Explanation of Dwight diagnostic board

The goal of the board is to prevent the KIM-1 to boot from the builtin ROM. Or using any other KIM-1 component except the CPU.
 
So the KIM-1 will respond to the diagnsotic baordeven if the KIM-1 ROM in the 6530--2 is bad or not present.
Therefore an EPROM is used that is mapped into the KIM-1 memory at boot.

A 27128 128Kb, which gives 16K ROM. Every 1K can hold a test program.

The 1K ROM  partis selected (with a DIP switch with four switches) when:
- A15 is high (which is during RESET) and the vectors are mapped in. 
- when K3 is high, address range 0C00 - 0FFF
The vectors in the upper part of the EPROM  are therefore in the FFFA-FFFF range.
Also, when A15 is high, DECODE ENABLE is used to prevent the KIM ROM to be mapped in. 

Status and Access lEDs

K4 is used to toggle the green status LED via a flipflop 74LS74. 
The Data input is high, any address written to K4 (1000-13FF) will clock this high in and light the LED.
K3 is used to light or turn off the Red access LED via the other flipflop in the 74ls74, the Data input is connected to D0. 
The flipflops are reset with the RST signal at boot.

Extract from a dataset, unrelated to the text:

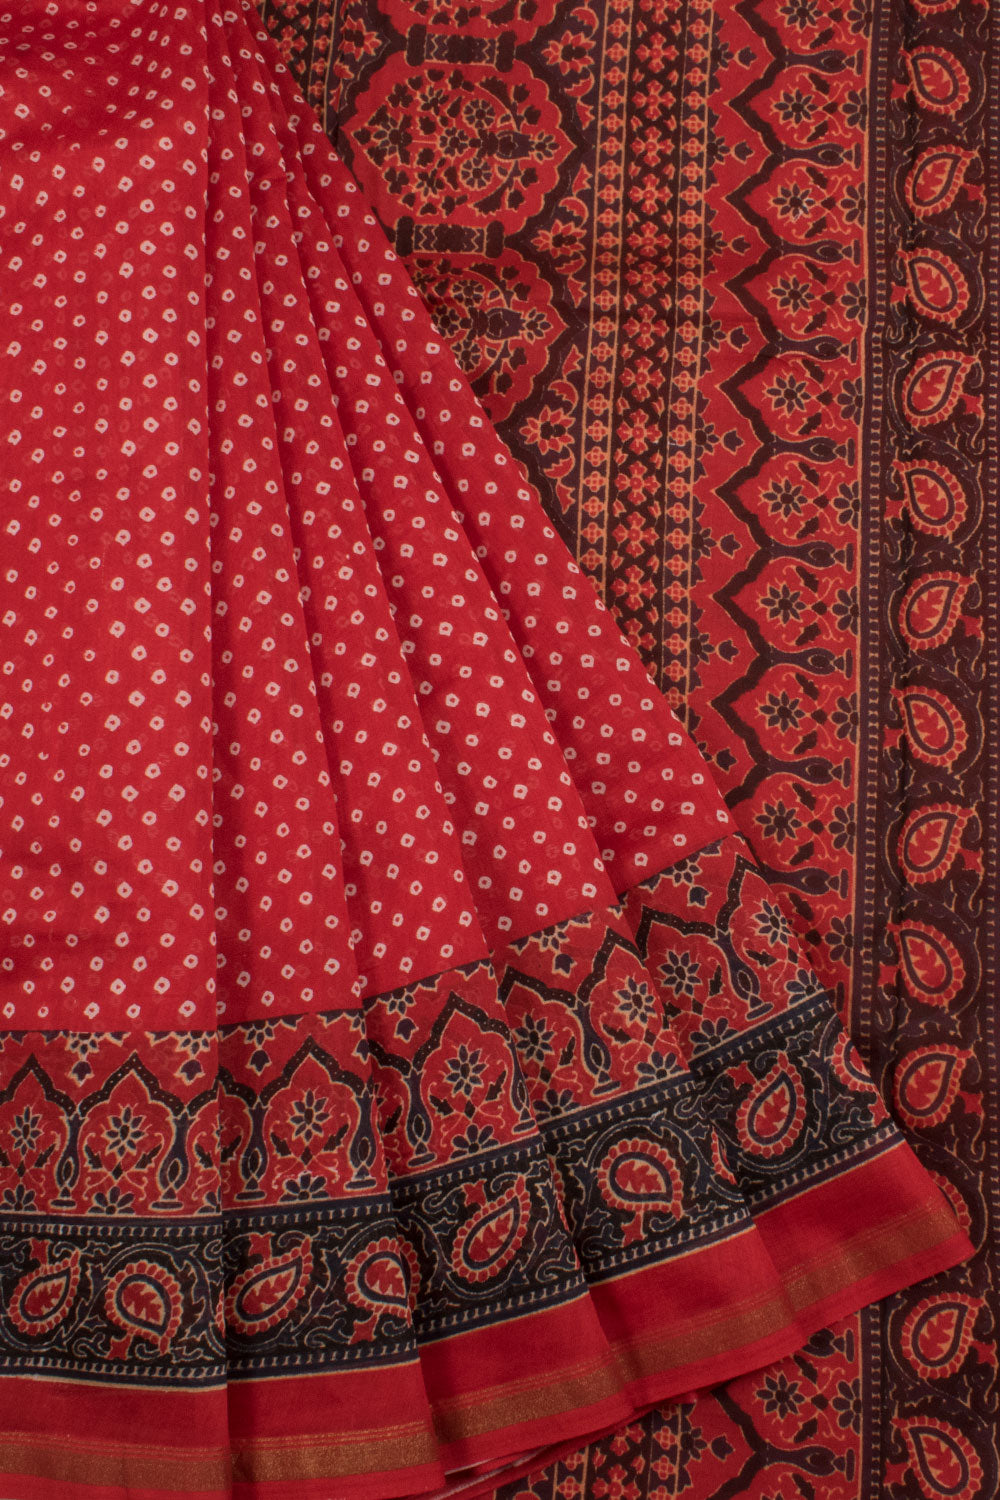 Hand Block Printed Chanderi Silk Cotton Saree with Floral Motifs Border

In the EPROM various test programs can be stored. Activated by storing the start address in the RESET vector.
The DIP switch 1, 2, 3 ,4 select with the high address A10-A13 another part of the 16 in total. When selected the ROM appears at K3, 0C00 -0DFF
And the upper six addresses are the RESET/IRQ/NMI vectors.

DIP swith 6 allows the EPROM to be disabled by blocking access to Decode enable of the card.